August 26th, 2015 (06:00pm - 07:00pm)
Seminar: GTA and Instructor Training
Title: "Teaching Mathematics at Penn State"
Speaker: James Sellers, Professor and Associate Head of Undergraduate Mathematics, Penn State
Location: MB114
August 27th, 2015 (11:15am - 12:05pm)
Seminar: Algebra and Number Theory Seminar
Title: Organisational Meeting
Speaker: All, PSU
Location: MB106

Meet for lunch at 11:45

August 27th, 2015 (11:15am - 12:29pm)
Seminar: Teaching Mathematics Discussion Group Seminar
Title: Introduction/Organizational Meeting
Speaker: Attendees, Penn State
Location: MB102

The Teaching Mathematics Discussion Group is designed to be an open forum for those of us to teach mathematics to ask questions, discuss best practices, and evaluate research pertaining to mathematics education. We may also feature guest speakers or workshops in specific skill areas. The group is open to anyone and you do not have to attend every week to participate. Simply show up for the week when the topics sound interesting or applicable to you! This week, we will be brainstorming ideas for the coming sessions, so just bring a friendly face and any questions you may have about teaching mathematics. These can be big or small, philosophical or practical. We are open to all ideas. Hope to see you there!

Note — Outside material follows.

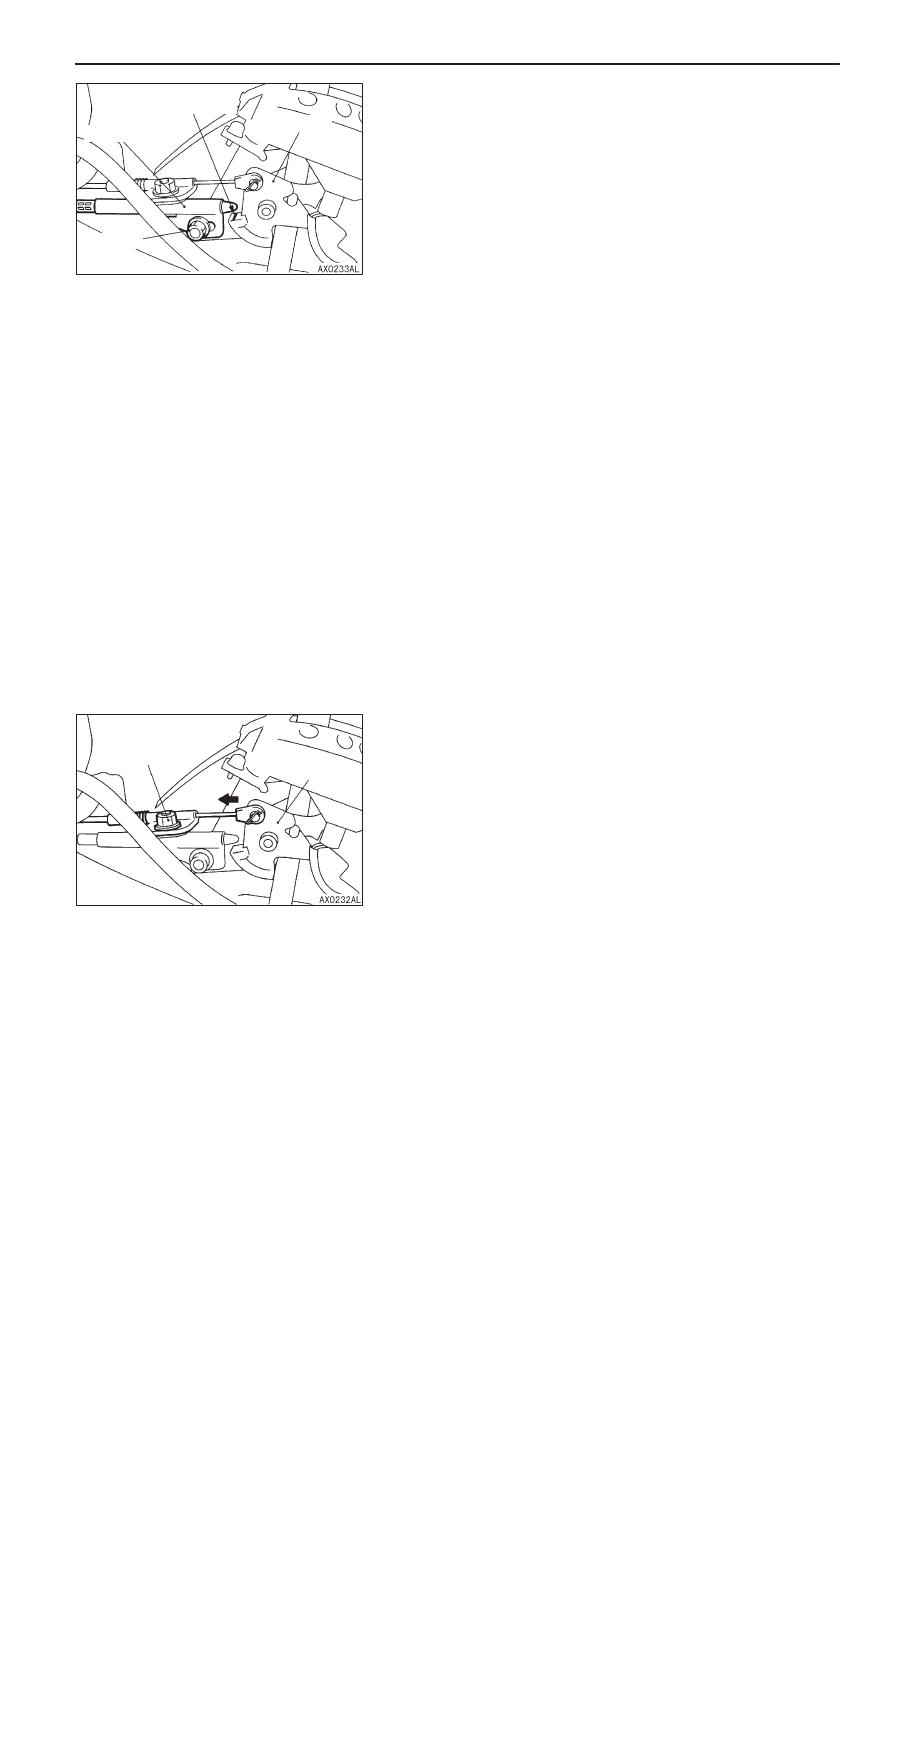 Mitsubishi Pajero Pinin Manual Part 186 Transmission Bushing Diagram Automatic

August 27th, 2015 (02:30pm - 03:30pm)
Seminar: Noncommutative Geometry Seminar
Title: Noncommutative Geometry 101: Operators and symbols
Speaker: Nigel Higson, Penn State
Location: MB106

I shall give two lectures introducing some of the ideas that appear in the research of Penn State's noncommutative geometry group. In the first I shall discuss differential and Hilbert space operators, and various sorts of "symbols" that can be attached to them. In the second I shall examine how the general theory applies to Sturm-Liouville operators on a half-line, following some remarkable early work Hermann Weyl that has proved to be very influential in representation theory.

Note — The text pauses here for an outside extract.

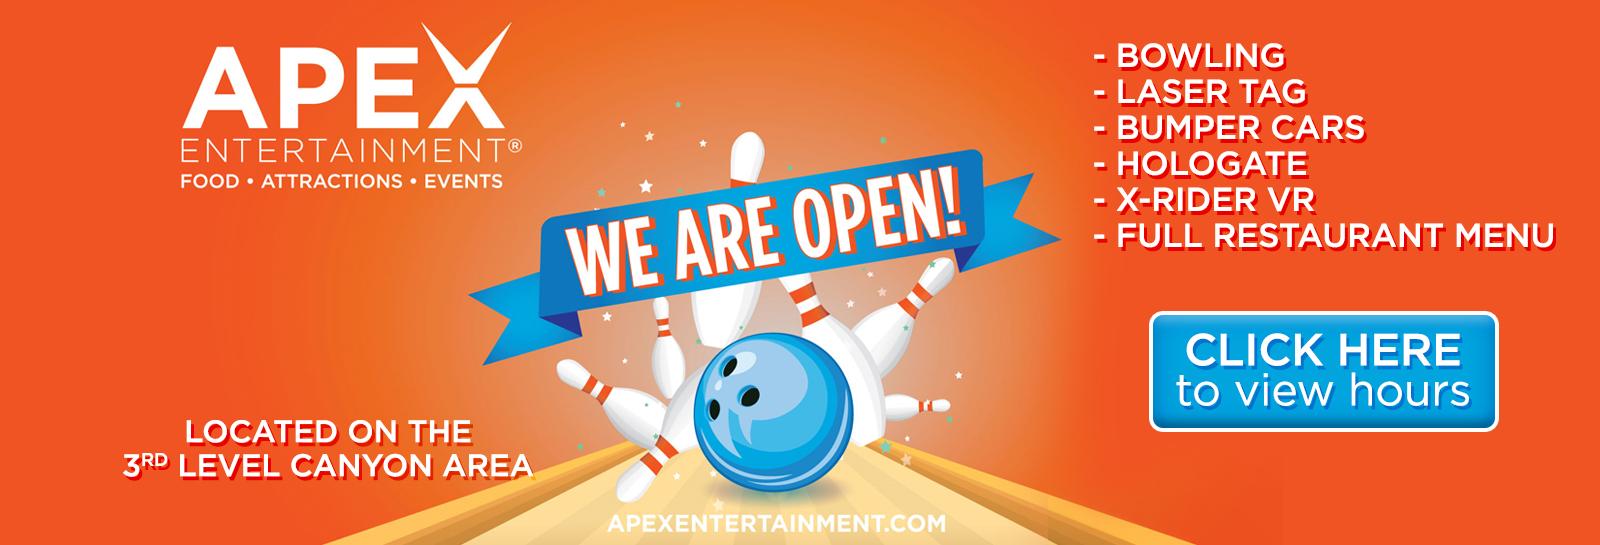 2020 10 06 APEX now open slider 1

August 28th, 2015 (03:00pm - 04:30pm)
Seminar: CCMA PDEs and Numerical Methods Seminar Series
Title: Numerical methods for fine-scale petroleum reservoir simulation
Speaker: Chensong Zhang, Chinese Academy of Sciences
Location: MB315

Computer simulation is widely used by petroleum engineers to understand oil recovery mechanisms. We will first briefly review a few mathematical models for petroleum reservoir simulation. Then we focus on a general compositional model and develop a fully-implicit method as well as effective preconditioners for solving the Jacobian systems. We will also discuss efficient parallel implementation of the proposed preconditioners on different platforms. The accuracy, robustness, and parallel scalability of the parallel simulator are then validated using large-scale black oil benchmark problems.

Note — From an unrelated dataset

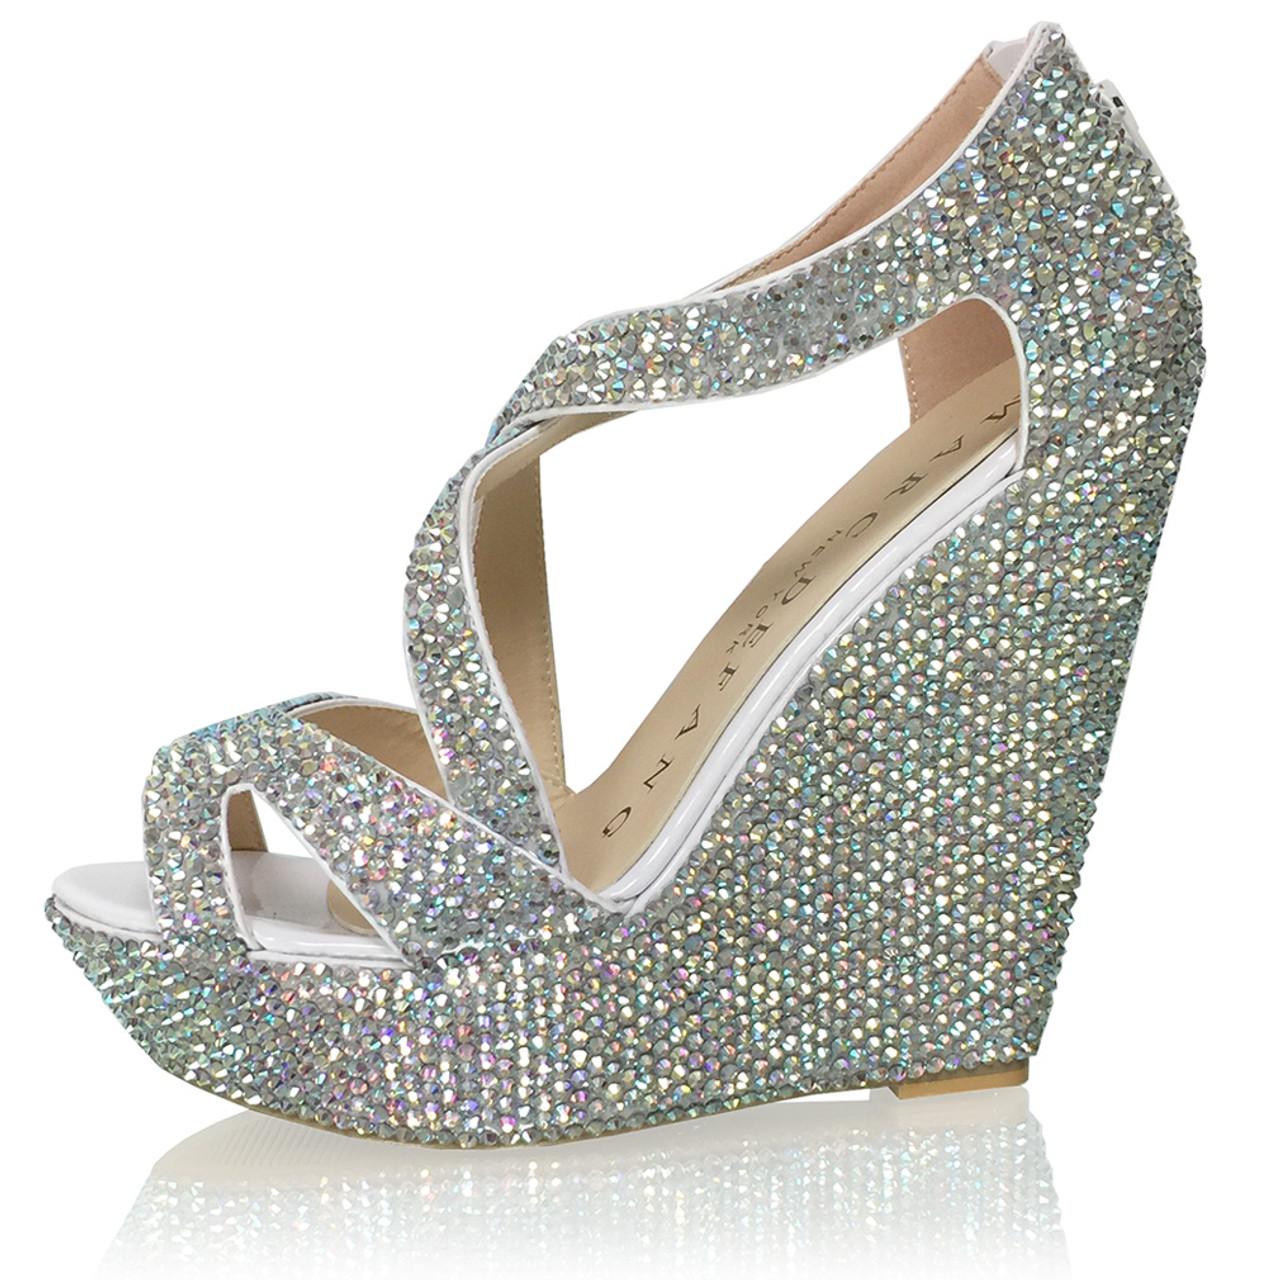 "5.5"" Heels Luxury Crystal Bridal Strappy Platform Wedges"

August 28th, 2015 (03:35pm - 04:35pm)
Seminar: Probability and Financial Mathematics Seminar
Title: Markov processes in a random environment
Speaker: Yuri Suhov, Penn State University
Location: MB106

Abstract. We propose a construction of a Markov process (MP) in a (Markovian) random environment. (I am not 100 percent sure: may be some special cases/elements of this constructions can be found in the existing literature.) A feature of this construction is that it allows an invariant measure (IM) which is naturally built from IMs for the basic MPs and IMs for the MP (or (MPs)) describing the dynamics of state of environment (SE). In general tems, the generator of the combined process is obtained as a sum of generators for components (with non-commuting summands). This construction gives quite spectacular results for some interesting examples: Jackson network, simple exclusion, Ornstein--Uhlenbeck. (The latter is related to the concept of stochastic volatility in Math Finance.) In the course of presentation, I will not assume any special knowledge from the theory of Markov processes or their applications. However, exposure to basic probabilistic concepts would make understanding easier.

August 31st, 2015 (03:35pm - 04:35pm)
Seminar: Dynamical systems seminar
Title: Slow entropy for smooth flows on surfaces
Speaker: Adam Kanigowski, The Pennsylvania State University
Location: MB114

We will discuss slow entropy in the class of mixing smooth flows on surfaces. As a consequence we will find countably many non-isomorphic (disjoint) smooth flows. Moreover, we will show that they don't have finite rank.